A part from the importance of a specific role in a movie, the genre assocatied to the movie might also be of influence. Many actors are known to play in specific genre, some are actions heros, some romantic leads? Was the choice of genre of their previous roles influence their success? How diversified should your role portfolio be? Should one stick to the same genre to be noticed by the public?
We decided to inspect the effect of movie genre during the career stages on actor success.
Let us first take a look at the distribution of our success metric depending on the main genre played by actors in a particular era of their career trajectory.
Some genre seem more correlated with success. To maximize fame and popularity, movies associated to the Action, Comedy and Drama genres are preferred. This result seems logical as many mainstream movies usually present a certain combinations of those genres. For the mid and late career, roles in Documentary movies seem particularly successful. The same can be said for the Comedy, Drama and Action trio.
To complement this analysis, another interesting feature to analyze is the variation of role genres. Between their eras of career, an actor can switch genre (“diverse genre” strategy), change genre once (“preferred genre” strategy) or, in opposite, just stick to main genre chosen during Early-Career (“single genre”)

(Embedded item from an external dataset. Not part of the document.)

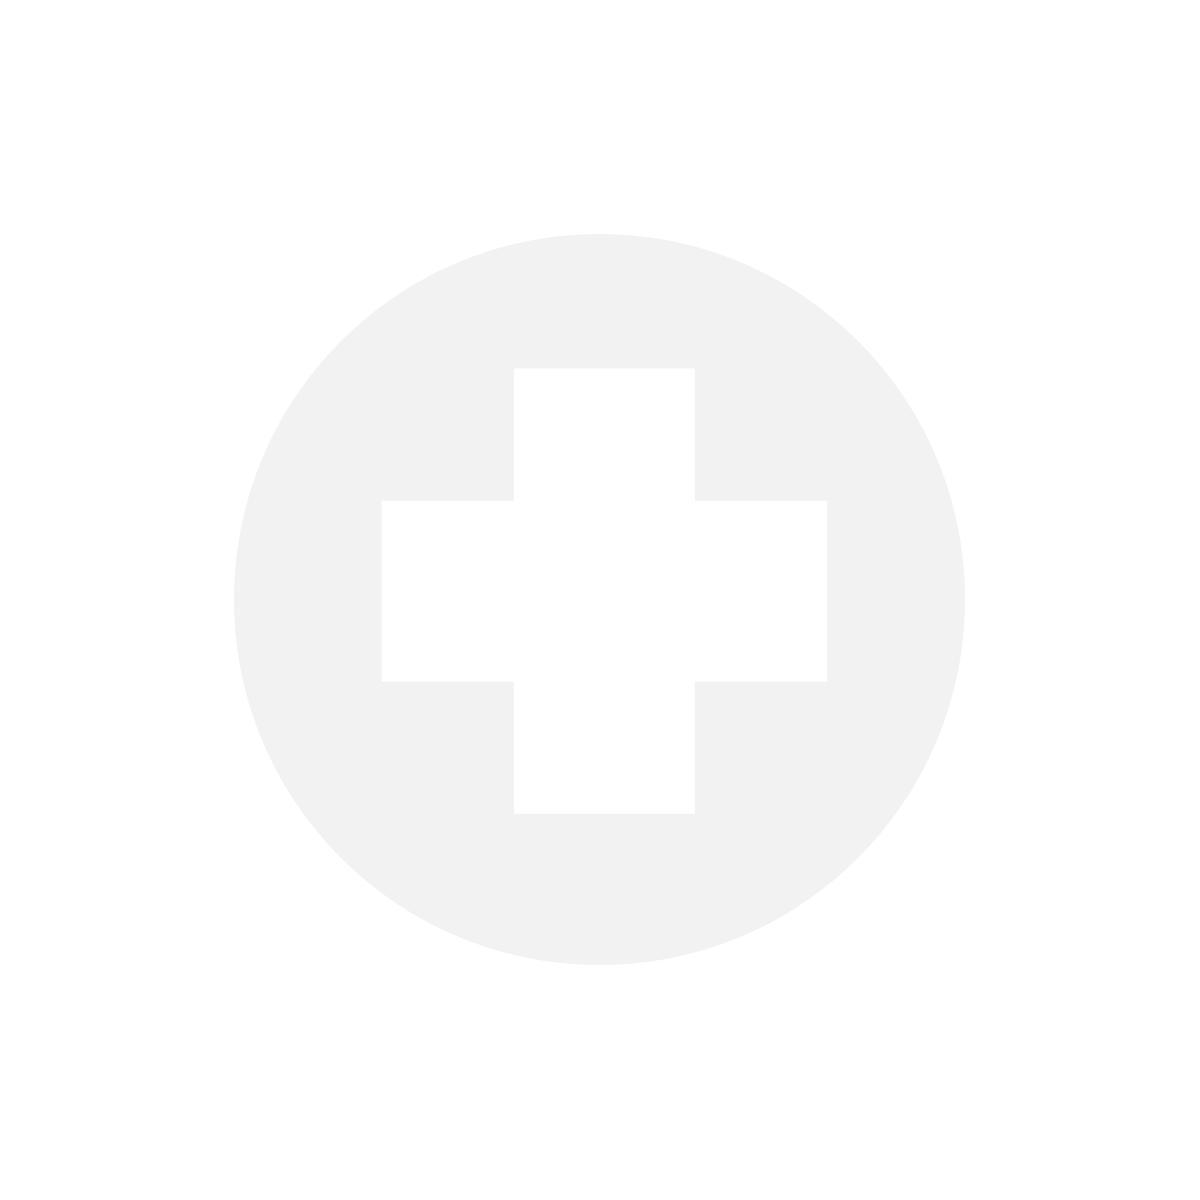 SIDLYNE NEUTRE F Etoile Médicale

It seems clear that the high success metrics are obtained by actors in the prefered genre group, meaning actors who play in roles of specific genre all along their career.
Are high-budget movies necessarily producing more popular actors? That’s a question that should also be answered. First, let us have a look at the distribution of our popularity metric based on the cumulative budget of the movie actors in our dataset played during particular phases of their careers. Similarly to the other investigates features, let us first have a look at the distribution of success for varying budget average and standard deviation ranges.
Those simple scatter plot do not really clarify the situation. A low standard deviation in the early stage seems to be correlated with a higher success score. We need to investigate further to better understand the real influence of this feature.
The Pearson Correlation might give us a clue at what is really going on.
All the correlation coefficients presented in the figure above are associated with a very low p-value, way under 0.05, which underlines the statistical significance of those results.
Those results indicate a small correlation between the budget of movies an actor played in and his overall success. Actor who play in high budget movie seem to become more successfull. It would thus be a good idea to compare movie budgets when deciding between two roles. The impact seems more pronounced during the Middle of an actor career.
Interestingly, playing in movies of varied budget seem to positively impact success after the first 20 years of one’s career, even if the correlation is not the strongest. If you really wish to fully optimize success, you might also consider sticking to a higher range of movie budget, as a budget standard deviation is slightly negatively correlated with success.